Asian refugee-crisis plan emerges

Improving living conditions key, global gathering decides

Maung Kyaw Nu of Thailand’s Burmese Rohingya Association speaks with Anne Richard from the U.S. State Department after Friday’s meeting in Bangkok on Asia’s migration crisis.
Maung Kyaw Nu of Thailand’s Burmese Rohingya Association speaks with Anne Richard from the U.S. State Department after Friday’s meeting in Bangkok on Asia’s migration crisis.

BANGKOK -- A international meeting Friday to address the continuing exodus of refugees from Burma and Bangladesh ended with a commitment by the participants to target the root causes of the crisis and an ambitious plan of assistance for the impoverished and strife-torn native areas of would-be emigrants.

Without mentioning the specific areas or the people who would be helped, delegates from more than 17 governments agreed to create job incentives, provide skills training and enhance "a sense of security and belonging."

So far this year, an estimated 25,000 people have left Bangladesh and Burma on boats -- double the number last year -- and several hundred are believed to have died at sea. The largest number fleeing are Rohingya, members of a stateless and persecuted Muslim group living both in Burma and Bangladesh.

A statement issued after the one-day meeting by its host, Thailand, called for "full respect for human rights and adequate access of people to basic rights and services such as housing, education and health care."

The deputy U.S. secretary of state, Antony Blinken, who visited Burma this month and discussed the refugee crisis with officials there, said later Friday that the very fact that the meeting had occurred was an "important step forward."

"There is something to be hopeful for in the meeting today and in the commitment to greater cooperation," he said in a Skype interview from Washington. But he also warned that a deeply entrenched resentment of the Rohingya within Burma would need to be overcome. "Overall, there is a reluctance to accept the legitimacy of their presence," he said.

There appeared to be other reasons to be skeptical of the meeting's list of recommendations. U Zaw Htay, a deputy director general of the office of the president of Burma, said his country could "accept the statement in a general sense," but he called it a proposal.

"Our delegation will report back to us, and then we will decide on the implementation of the proposal," he said by telephone from Naypyidaw, the capital of Burma.

Underlining the difficulties of dealing with the crisis, Burma reported Friday that a boat carrying 727 people, including 45 children, had been stopped by the country's naval forces that morning in waters off Burma and taken to a naval base. The passengers were described by the authorities in Burma as Bengali, a term that made it impossible to know whether they were from Burma or Bangladesh.

Norachit Sinhaseni, the permanent secretary of Thailand's Ministry of Foreign Affairs, described efforts to develop areas the Rohingya are fleeing as long-term goals.

"If you expect one meeting to resolve it, I think you are expecting a miracle," he said. "And I am not one who believes in miracles."

The meeting's recommendations also seemed at odds with some of the day's proceedings, including Burma's forceful rejection of assertions by the United Nations that the root cause of the crisis was the country's treatment of the Rohingya.

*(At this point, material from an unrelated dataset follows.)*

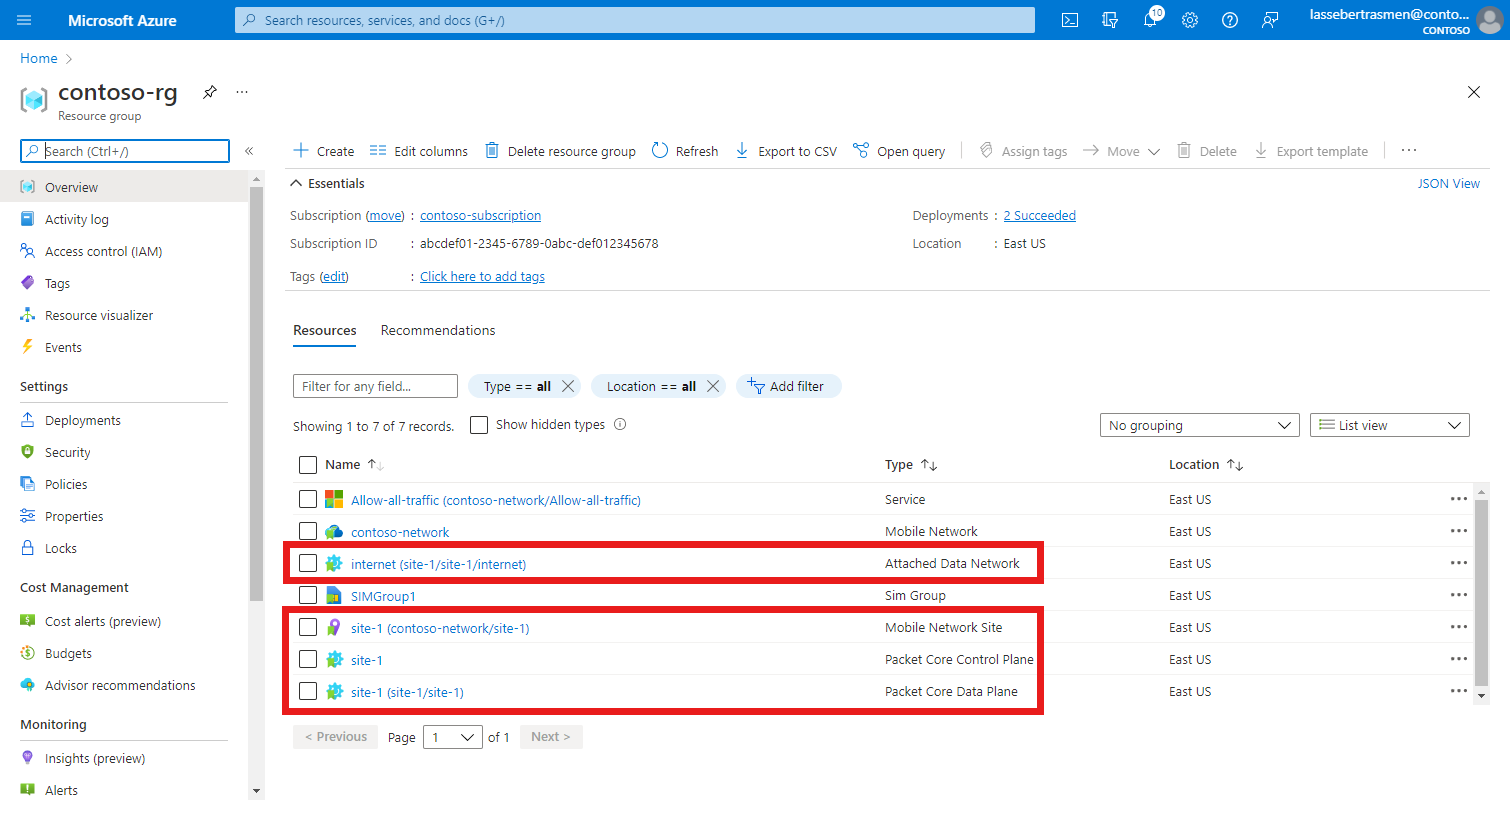 Screenshot of the Azure portal showing a resource group containing a site and its related resources.

The head of Burma's delegation said his government should not be singled out for the refugee crisis, that its policies toward the Rohingya were "domestic jurisdiction" and that outsiders were misinformed about what was motivating the Rohingya to leave.

U Htin Lynn, Burma's representative at the meeting, said the United Nations was wrong in its assessment of the problem.

"They need to be more informed," he said. "This issue of illegal immigration of boat people, you cannot single out my country."

Htin Lynn was responding to opening comments to the delegates by Volker Tuerk, a representative from the Office of the U.N. High Commissioner for Refugees. Tuerk said Burma should remove restrictions on the movement of the Rohingya within Burma and offer "basic freedoms" to stabilize their lives.

More than 100,000 Rohingya in Burma live in camps, having been chased from their homes by mobs of radical Buddhists over the past three years. Tuerk said the government should facilitate the return of the Rohingya to their homes.

"Granting of citizenship is the ultimate goal," he said. "Recognizing that Myanmar is their own country is urgently required."

Burma is often called Myanmar, a name that ruling military authorities adopted in 1989.

The Rohingya in Burma number more than 1 million and are widely reviled in the country, where anti-Muslim feelings run strong among the majority Buddhist population.

The government rejects the term "Rohingya"; Burmese officials had threatened to boycott the meeting Friday if the term was used.

The Rohingya are denied citizenship by Burma and are described by the government as interlopers from Bangladesh despite the fact that they were allowed to vote in Burma in 2008 and 2010 and that many if not most were born there.

The resentment toward the Rohingya, who speak a language related to those spoken in Bangladesh and are darker-skinned than most Burmese, appears to be grounded in the notion that they came during British colonial times or more recently and that they do not belong.

Information for this article was contributed by Wai Moe of The New York Times.